The indictment lists 36 charges against the 15 defendants, two of whom are minors and cannot be named. The charges include acquiring and selling rifles, handguns, grenades, bullets and cartridges, extortion and plotting to harm a Jaffa man.
At the center of the alleged offenses is 24-year-old Lod resident Khamis Dasuki, who is connected with 34 of the 36 charges listed in the indictment. Along with the trade in illegal weapons, charges against Dasuki include shooting firearms in a residential area, conspiracy to commit extortion, and obstruction of justice.
According to the first charge in the indictment, on January 18 Dasuki and three other defendants, Faisal Abu Eid, 34, Jidua Azbargeh, 31, Bila’al Azbargeh, 21, carried out an illegal weapons deal.
When Dasuki and Abu Eid allegedly tried to transfer the weapons to the buyer in a jeep, they found that police had set up a roadblock at the entrance to Ramle. The indictment says Dasuki and Abu Eid then tried to flee, smashing another vehicle in the process and throwing the weapons out of the car.

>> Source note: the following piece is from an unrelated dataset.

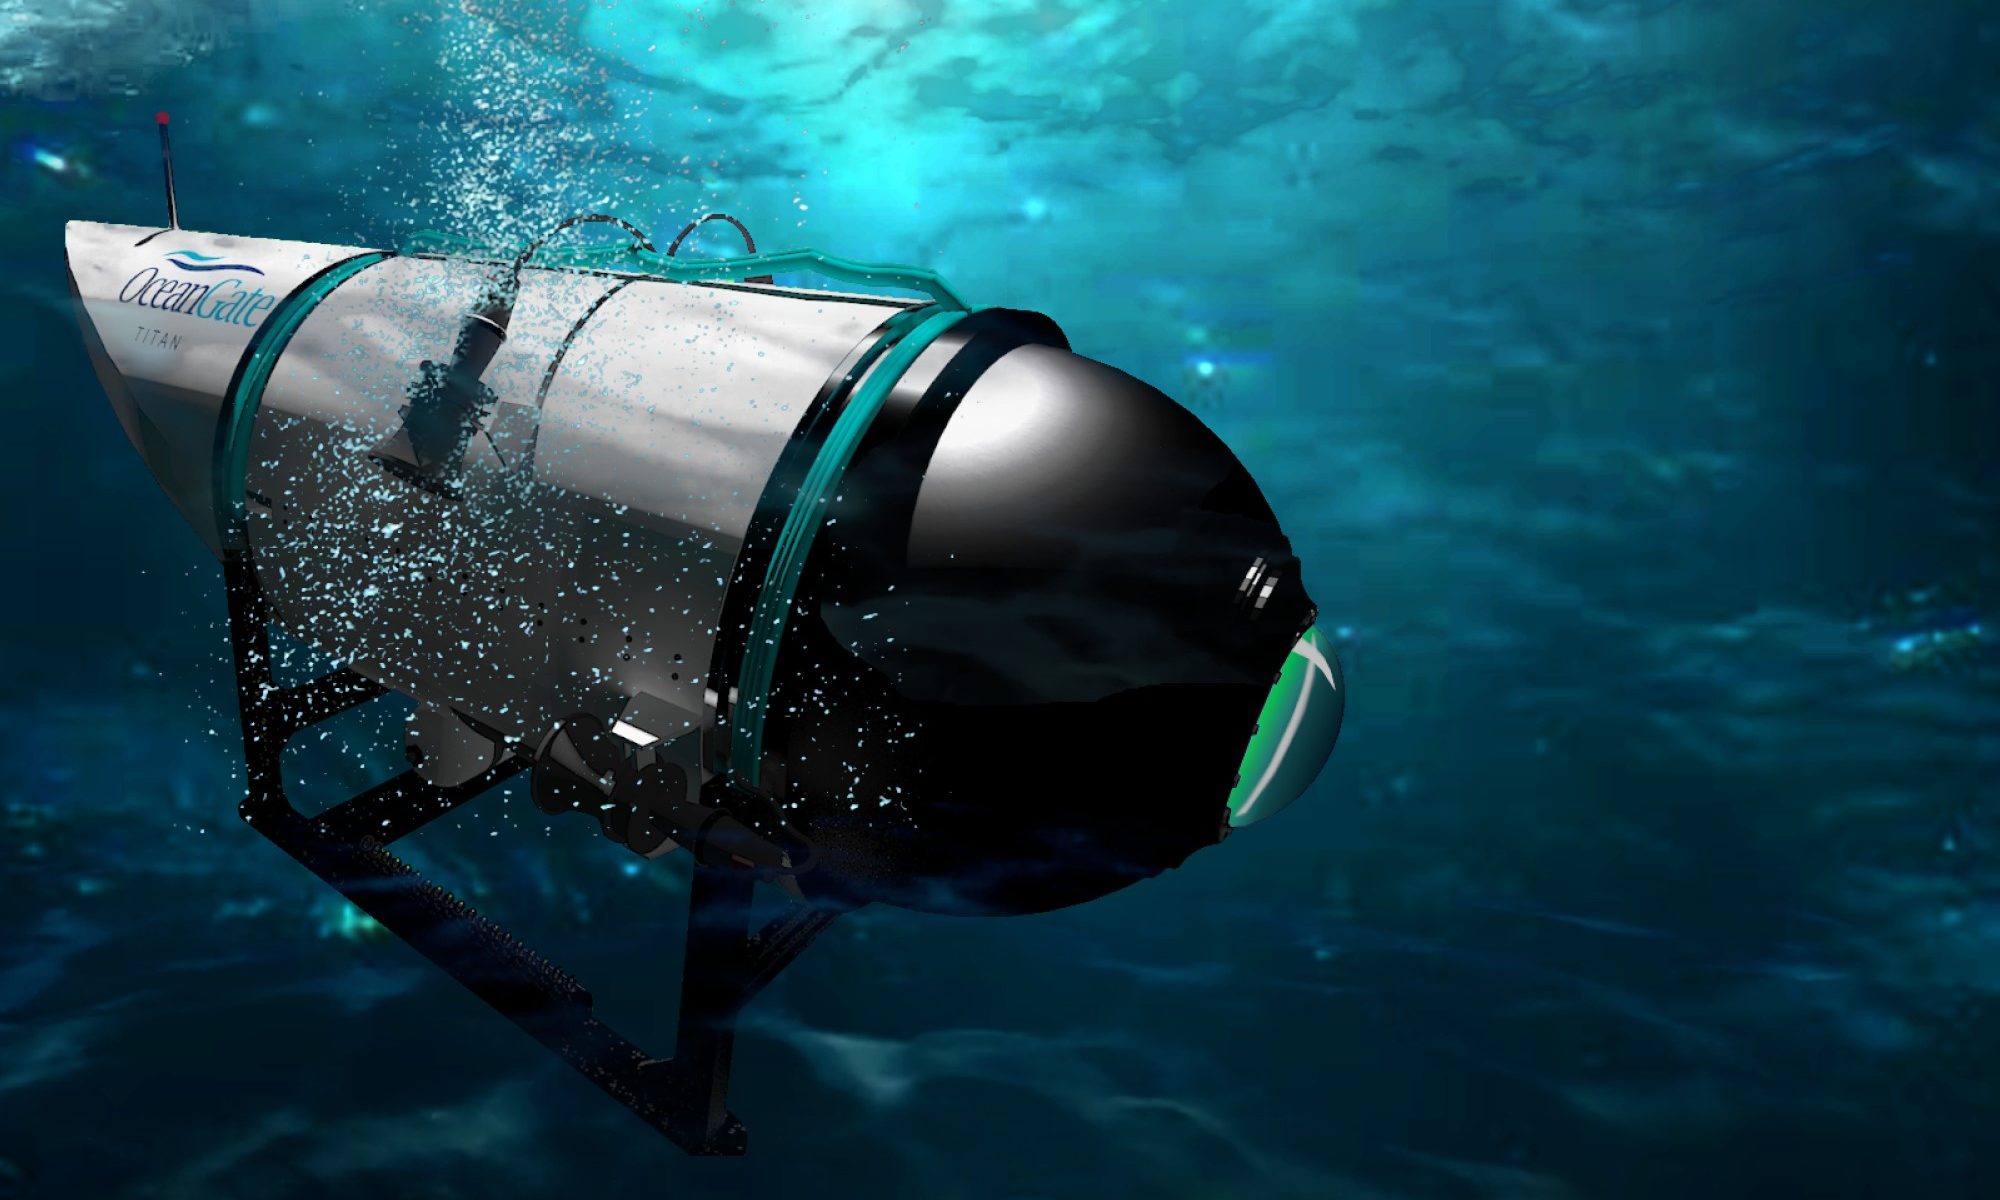 render of Titan submersible

Dasuki instructed his accomplices to give a false alibi to police, the indictment charges. However, after Dasuki’s arrest, Abu Eid admitted to police he had given false evidence about Dasuki’s alibi in order to obstruct the investigation.
The second charge accuses Dasuki and Nabil al-Bina, 27, of plotting to harm a Jaffa resident whom Dasuki said stabbed his brother.
The two minors named in the indictment have been charged with conspiracy for a felony. At a hearing in the Central District Court on Thursday afternoon, Judge Avraham Tal agreed to delay the arraignment hearing for the two minors, after their attorneys requested more time to respond to the charges.